Private equity has been largely responsible for driving lucrative M&A trends in the RIA space, but the industry is gearing up for another wave of capital from institutional investors beyond PE.
Wealth management consultancy MarshBerry says there were 83 M&A transactions announced among RIAs in the second quarter of this year, which is the highest second quarter amount of any year on record according to the firm. Among those announced deals was the BlackRock-owned private credit firm HPS Investment Partners investing in Lido Advisors, a mega-RIA with more than $30 billion in assets under management.
“I don’t think anyone should be surprised to see an asset manager like BlackRock want to be invested in the RIA industry,” Ryan Halls, co-founder of the sell-side M&A advisory Hue Partners, told InvestmentNews. “While traditional PE [private equity] has been active in the space for years, all professional investors have taken note of the attractive fundamentals of our industry. Whether it is PE, asset managers, pension funds, or sovereign wealth funds, I expect more and more professional investors to pursue exposure to fiduciary advice.”
Carson Group, the $42 billion mega-RIA backed by private equity giant Bain Capital, is already contemplating how newcoming buyers beyond PE will impact the RIA M&A market. Carson Group has been among the most active RIAs in M&A so far this year with eight announced transactions through Q2.
“So much of M&A has been focused on the larger aggregators or integrators finding mostly smaller partners that are looking for both succession and growth opportunities,” said Michael Belluomini, Carson’s SVP of M&A. “What happens if the larger broker-dealers take a more active stance? What happens if the asset managers or fund manufacturers, or the custodians decide to get into the business? I think if any of those things happen, you see prices stay steady, if not increase with increased competition.”
State-owned sovereign wealth funds such as Abu Dhabi’s Mubadala Capital invested in CI Financial, taking the Canadian investment management firm private in an $8.7 billion deal. GIC, the Singaporean sovereign wealth fund, has invested across the financial advice space both the $72 billion mega-RIA Mercer and the challenger RIA custodian firm Altruist.

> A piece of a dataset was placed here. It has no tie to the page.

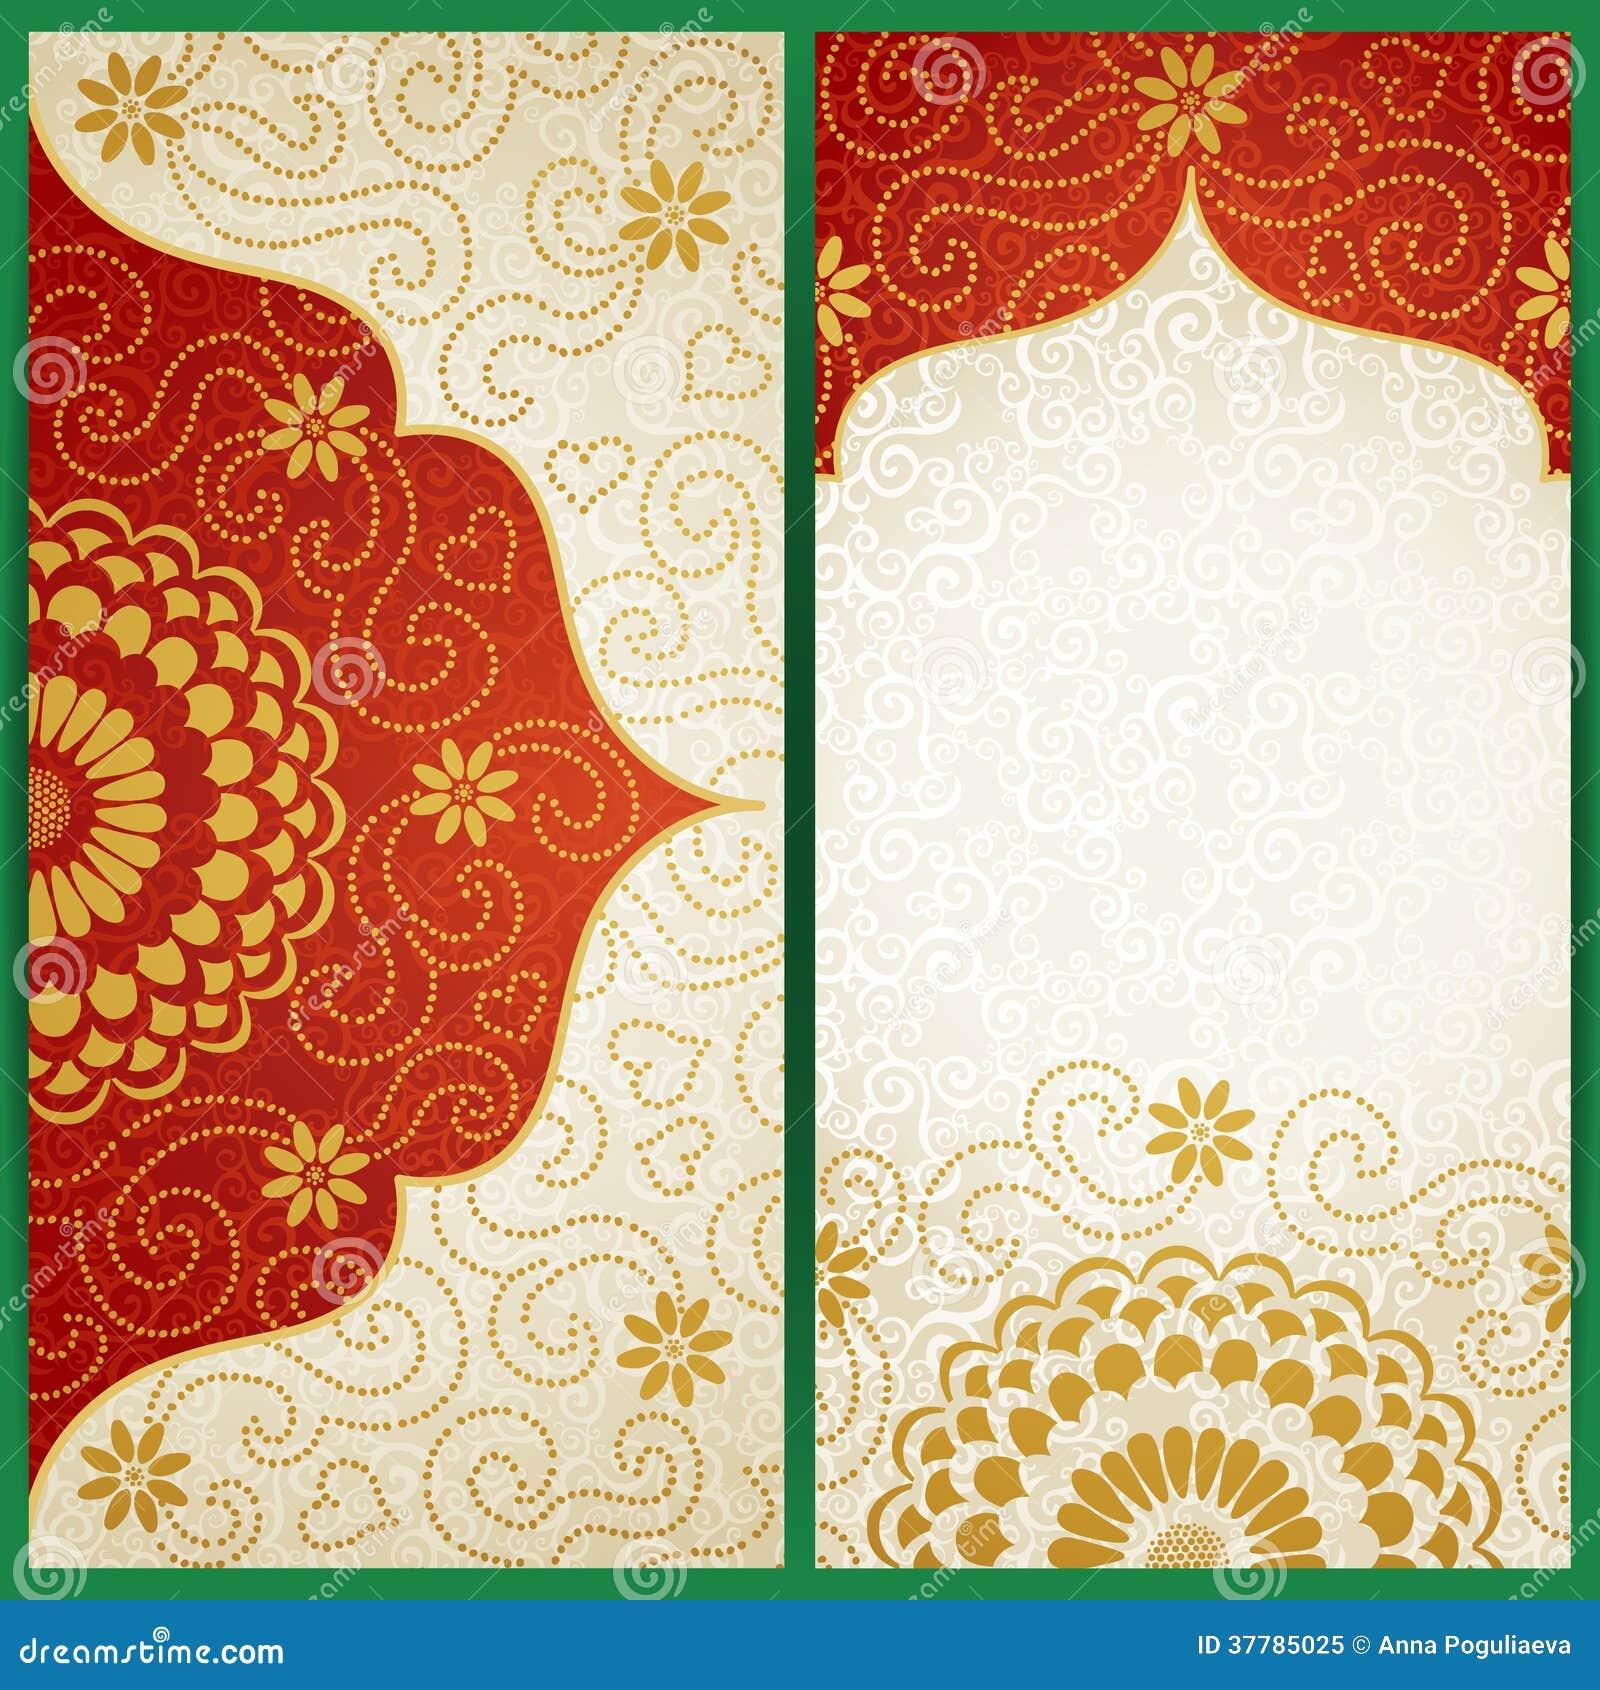 Desain Pernikahan Muslim Wedding Invitation Background Hd

“I think having GIC in the mix and having a true long term capital solution in the ownership group has been quite strategic as part of our last recapitalization. They play a little bit different role than the traditional private equity investment,” Mercer’s CEO Dave Welling told InvestmentNews.
GIC’s investment in Mercer was announced in June 2024 as the sovereign wealth fund joined Mercer’s cap table alongside existing private equity firms Oak Hill Capital, Genstar Capital, and Altas Partners.
“Where they're structurally a little bit different is they are true long term capital,” Welling said of GIC. “They are a decades-long capital investor, and so they play structurally a different role within our strategic ownership group. Whereas private equity, I think you could cast a medium-term capital that you know at some point might need or want some liquidity.”
Ric Edelman, who founded Edelman Financial in 1986 that now operates as one of the industry’s largest RIAs, added that “we're seeing massive interest from not only sovereign wealth funds around the world, but also major financial services companies elsewhere, who have a major presence in South America, Europe or Asia,” who seek to enter the US financial advisor market.
“You will start to see M&A deals among the very largest firms. You will soon see a trillion-dollar RIA as a result of this, and it will represent a significant change in the way firms operate,” said Edelman. “They'll operate more professionally as talented corporate executives are brought into these companies to manage them, you'll see a broader array of products and services made available to investors, which will improve the client experience.”
At nearly $300 billion, the private equity-backed Edelman Financial Engines stands as the largest RIA in the US. But the firm’s founder foresees a trillion-dollar RIA valuation in the not so distant future.
“The industry was invented over the past 40 years, I was part of that first generation,” Edelman said. “It is now giving way to the next generation, and it will be substantially larger and rather different from what was originally built.”